Can you find a solution? If you can, then $d_{int}$, the intrinsic dimensionality of this network architecture on this dataset, is at least 2.
We say that $d_{int}$ is the lowest value of $d$ for which you can find a solution. So if you found a solution by setting $d=1$, then $d_{int}$ would equal 1.
Now you see the procedure. Take a dataset (e.g. MNIST) and an architecture (e.g. LeNet). Start with $d=1$ and try to find a solution. If you can’t, try $d=2$, then $d=3$, and so on until you find the lowest value of $d$ with a solution. That value is the intrinsic dimensionality.
Results
There’s a lot of interesting things that come out of the paper. Here is what stood out to me.
**$d_{int}$ is fairly constant across network architectures for a family of models.** For example, a wide range of fullyconnected (FC) networks had similar values for $d_{int}$ on MNIST ^{5}. This implies that larger networks are effectively wasting parameters.
There are significant compression benefits. To describe a network after subspace compression you need: the random seed to generate $\theta_0^{(D)}$, the random seed to generate $P$, and the $d_{int}$ parameters in the (optimised) $\theta^{(d)}$ vector. That’s not much. There’s uses here for anything with bandwidth or space concerns, like webpages and apps, or IoT devices. .
**$d_{int}$ acts as an upper bound for minimum description length of a solution.** If you can compress the data using (effectively) $d_{int}$ parameters, then the minimum description length (MDL) isn’t going to be higher than that.
**$d_{int}$ can be used to compare architectures.** Many architectures might have the same performance for a task, like a CNN and a FC network on MNIST. But the CNN is probably much more efficient than the FC network. If $d_{int}$ for the CNN is much lower than $d_{int}$ for the FC network, its MDL is probably lower, and it follows from Hinton and Van Camp (1993) that the best model is the one with the lowest MDL.
**You can find $d_{int}$ for reinforcement learning tasks, too.** Any task using a neural network is fair game.
**Shuffling pixels increases $d_{int}$ for CNNs but not for FC models.** This makes sense: convolutional layers rely on local structure in the image, while FC networks treat each pixel as independent of others around it.
Memorisation effects. Randomise the labels for training examples. The more labels are memorised by the network, the more efficient it is at memorising new, random labels. The network gets better at memorising the more data it has.

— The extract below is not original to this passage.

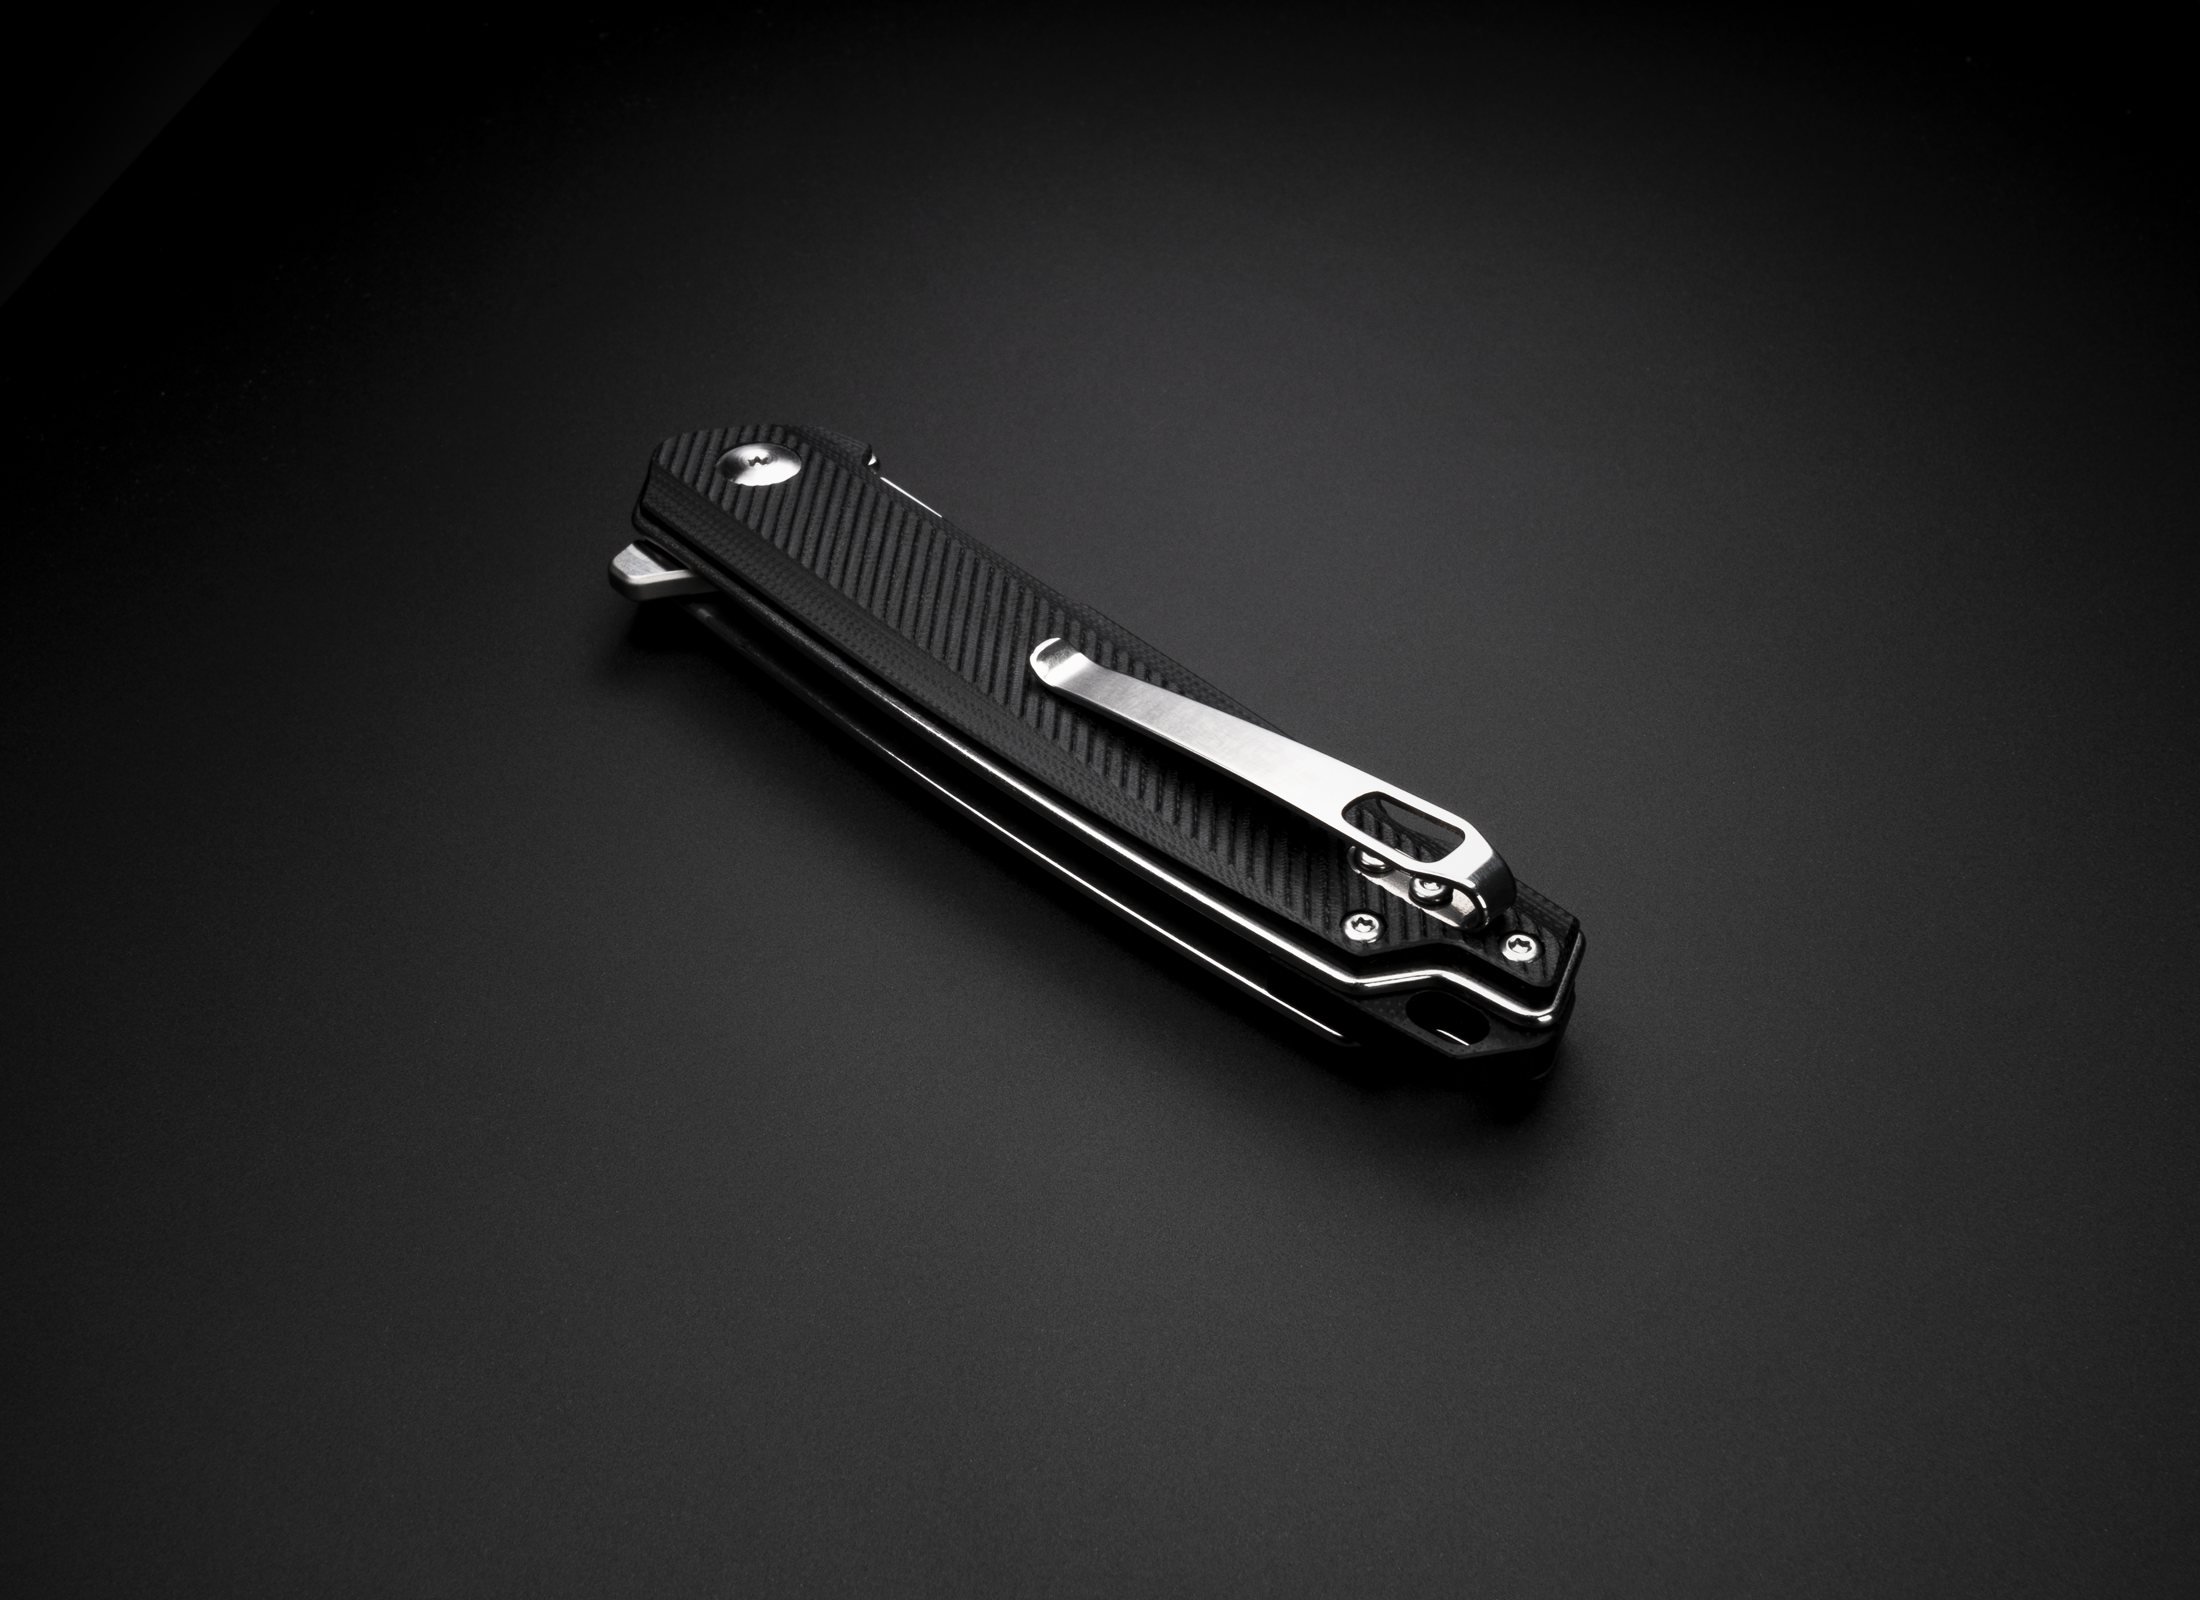 The Bellum by Korcraft Black pocket knife closed with pocket clip on black background

90%, like most whole numbers, is somewhat arbitrary but a good starting point. The authors chose 90% by looking at a few different curves of $d_{int}$ vs baseline performance and then picking a value that corresponding to where the curves started to flatten out. ↩︎

There’s no guarantee that the manifold of the solution set is a hyperplane or anything similarly well behaved. ↩︎

The paper calls $P$ a projection matrix, but it looks like $P$ is a bit different to the one described in Wikipedia. For starters, it’s not square, meaning it isn’t idempotent. ↩︎

The paper goes through some of the ways. You can make $P$ a dense matrix, making sure each column is orthonormal to the others. Another way is to rely on the approximate orthogonality of high dimensions to not worry about ensuring each basis vector of P is orthogonal. You can also make P a sparse projection matrix, which saves on memory and computation speed, or use the Fastfood transform to make space complexity not depend on $d$. Both of these methods are useful for higher dimensional networks. ↩︎

$d_{int}$ varied by a factor of around 1.33, perhaps because of noise. ↩︎